Pittsburgh-based Aethon’s TUB autonomous delivery robots are delivering medications, lab specimens, meals and linens in hospitals everywhere, minimizing the human spread of the virus.

The very first identified COVID-19 patient in the United States was treated with California-based Teladoc Health’s InTouch Vici system, featuring a high def pan-tilt-zoom camera, minimalist design and footprint.

And for enforcement of social distancing, DJI Mavic 2 UAV talking drones are being used to deliver an automated message.

Data
AWS is providing experts with tools and data related to the virus in their public AWS COVID-19 data lake. According to AWS, the data is “hosted on the AWS cloud, we have seeded our curated data lake with COVID-19 case tracking data from Johns Hopkins and The New York Times, hospital bed availability from Definitive Healthcare, and over 45,000 research articles about COVID-19 and related coronaviruses from the Allen Institute for AI. We will regularly add to this data lake as other reliable sources make their data publicly available.” The data is in a “publicly readable Amazon S3 bucket.

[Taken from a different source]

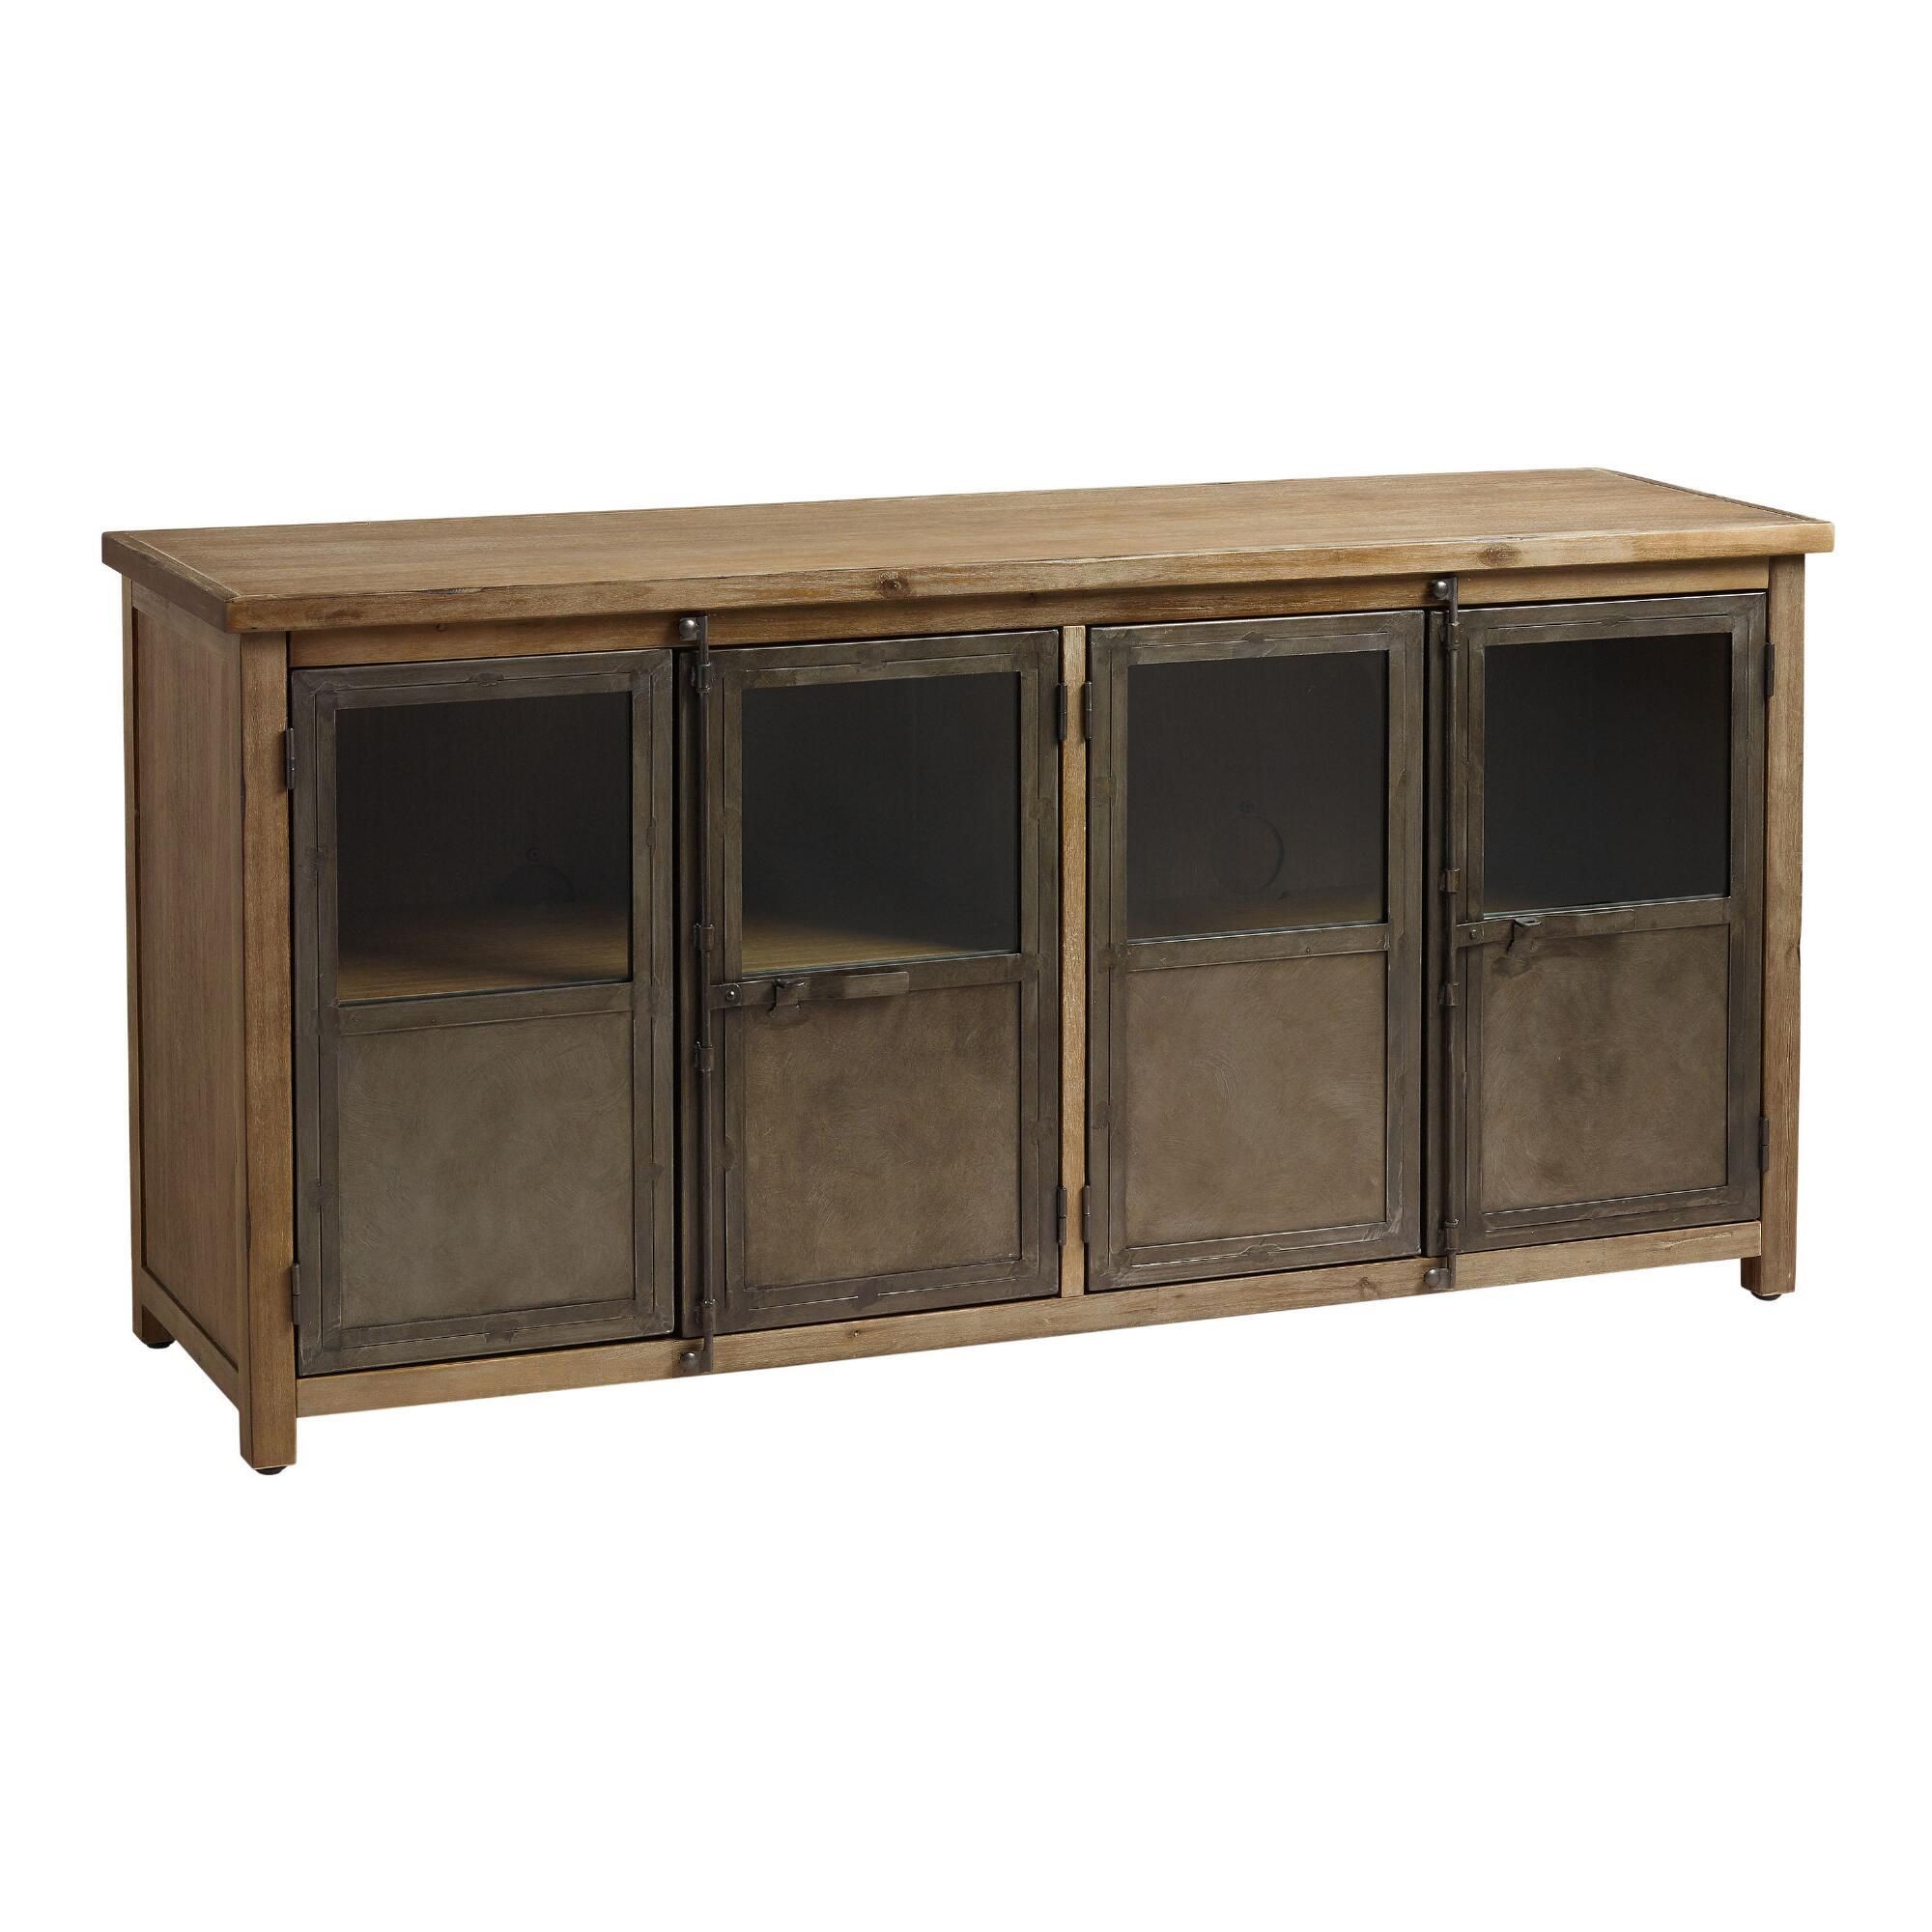 Langley Aged Latte Wood And Metal Storage Cabinet | World Market

A team of data analysts, scientists and developers have come together to create COVID knowledge graphs. The graphs integrate a number of public datasets and implemented in Neo4j, a graph database platform. According to the COVID*Graph website, “the project provides the data basis for understanding the processes involved in a coronavirus infection. Why is this virus so contagious? And why do such severe complications occur? Linking large data sets and evaluating them provides new insights and provides researchers with approaches and hypotheses for their further research work,” explains Dr. Martin Preusse, founder of Kaiser&Preusse, who co-initiated the COVID*Graph project.